За последнее время проповедникам иудейского вероучения приходится усиленно приспосабливаться к новым социальным условиям жизни. Если до XX в. эти проповедники занимались главным образом толкованием религиозных догматов и обрядов, то в нашу эпоху иудейские клерикалы во имя спасения своих позиций выдвигают на первое место этическую ценность иудаизма.
По мнению одного из современных столпов иудаизма в США, М. Винера, настало время, чтобы узконациональную, полную запретов религию превратить в «чисто этическую религию». Винер, как и другие иудейские богословы, заявляя, что источником нравственных идей иудаизма являются Ветхий завет и Талмуд, рекомендует извлечь из библейского декалога и многочисленных поучений Талмуда нормы и принципы для некой универсальной религии.
Раввины в нашей стране в своих устных выступлениях также пытаются осовременивать обветшалые ветхозаветные предписания. Адепты этического иудаизма рассматривают все категории морали абстрактно, в отрыве от социальных условий, породивших формы общественного сознания.

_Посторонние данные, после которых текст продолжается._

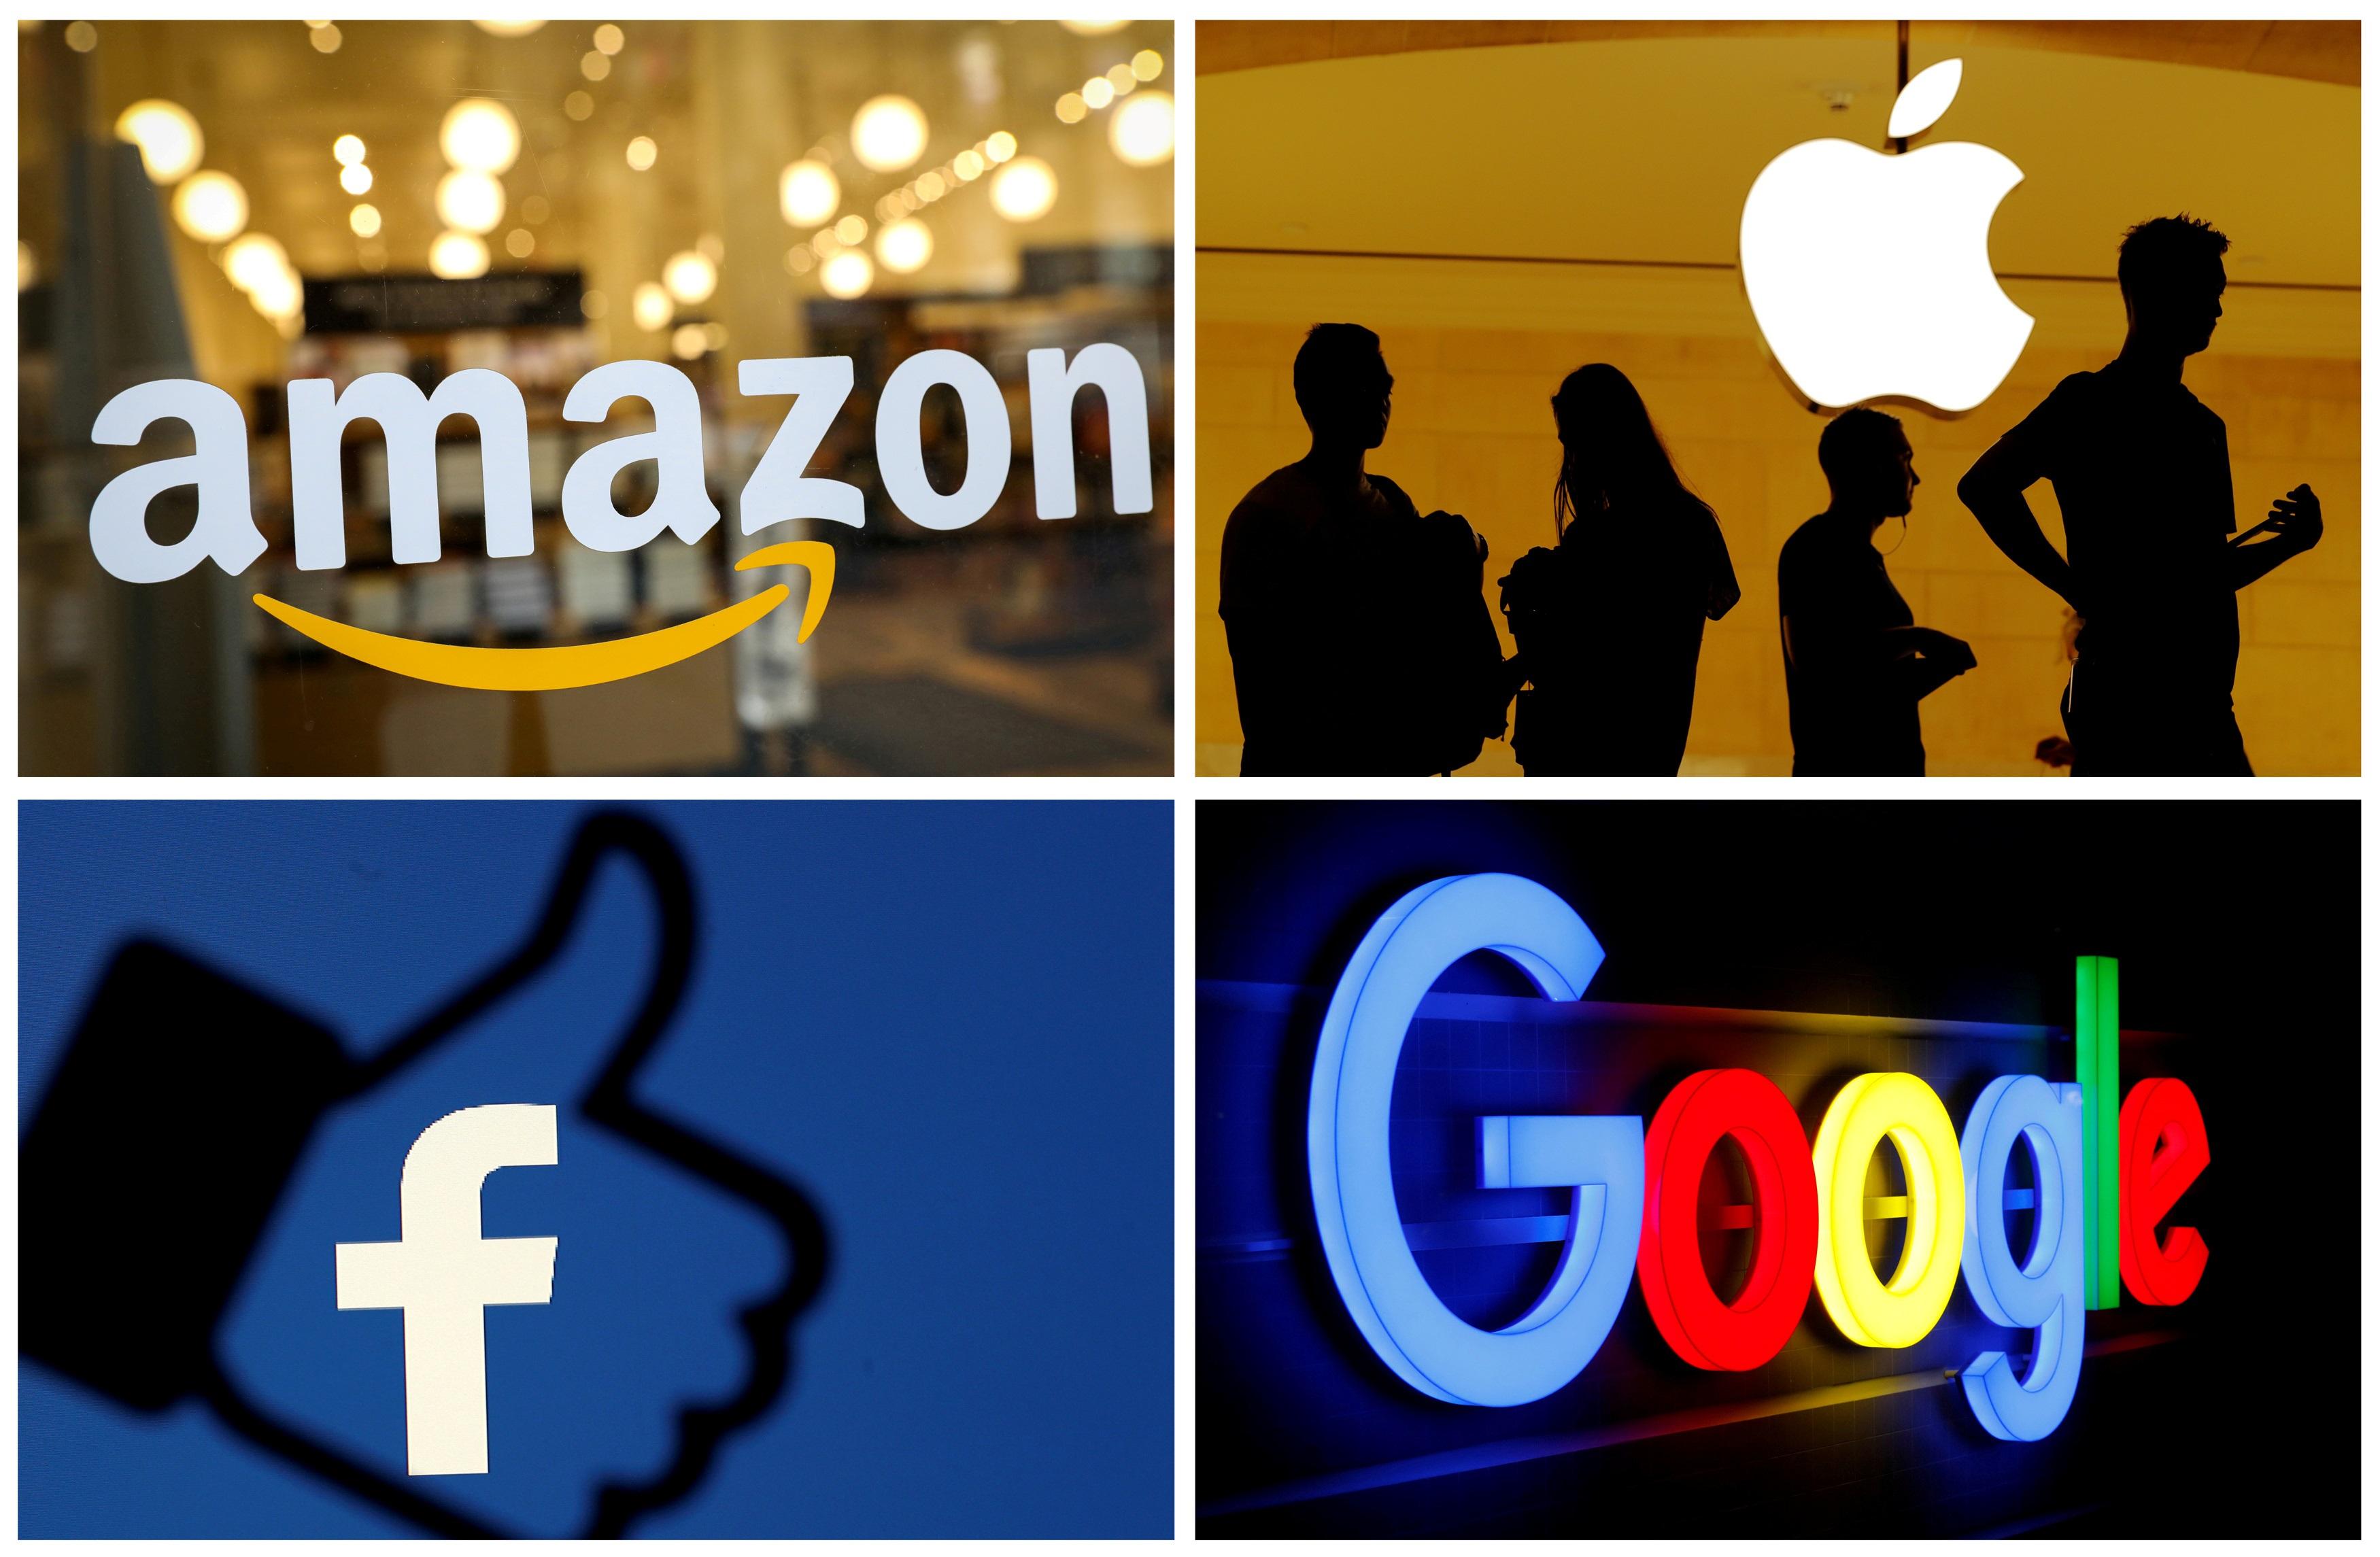 Amazon, Apple και Alibaba στην κορυφή της παγκόσμιας καινοτομίας - 3 δισ. οι χρήστες social media σε κινητά!

Они скрупулезно разбирают вопросы об отношении человека к богу, защищая при этом культ частного интереса и индивидуального счастья. Они требуют от человека эгоистической заботы о спасении своей души и об обеспечении себе личного благоденствия в потустороннем мире.
Вполне понятно, что нравоучения иудаизма противоречат коммунистическому воспитанию и мешают формированию таких качеств характера, как гордость, независимость, сознание собственного достоинства и творческая активность.
Вера в приход мессии (машиаха), в индивидуальное бессмертие, в существование загробного мира и небесного царства является одним из главных догматов иудейства. Проповедью о приходе мессии идеологи иудаизма усыпляли народ, создавая фантастические картины общественного переустройства, которое якобы зависит от морально–религиозного поведения людей. Талмудисты и современные иудейские клерикалы защищают богословскую идею о том, что жизнь всей вселенной, отдельного человека, его будущность зависят от строгого исполнения заповедей бога, его Торы и декалога.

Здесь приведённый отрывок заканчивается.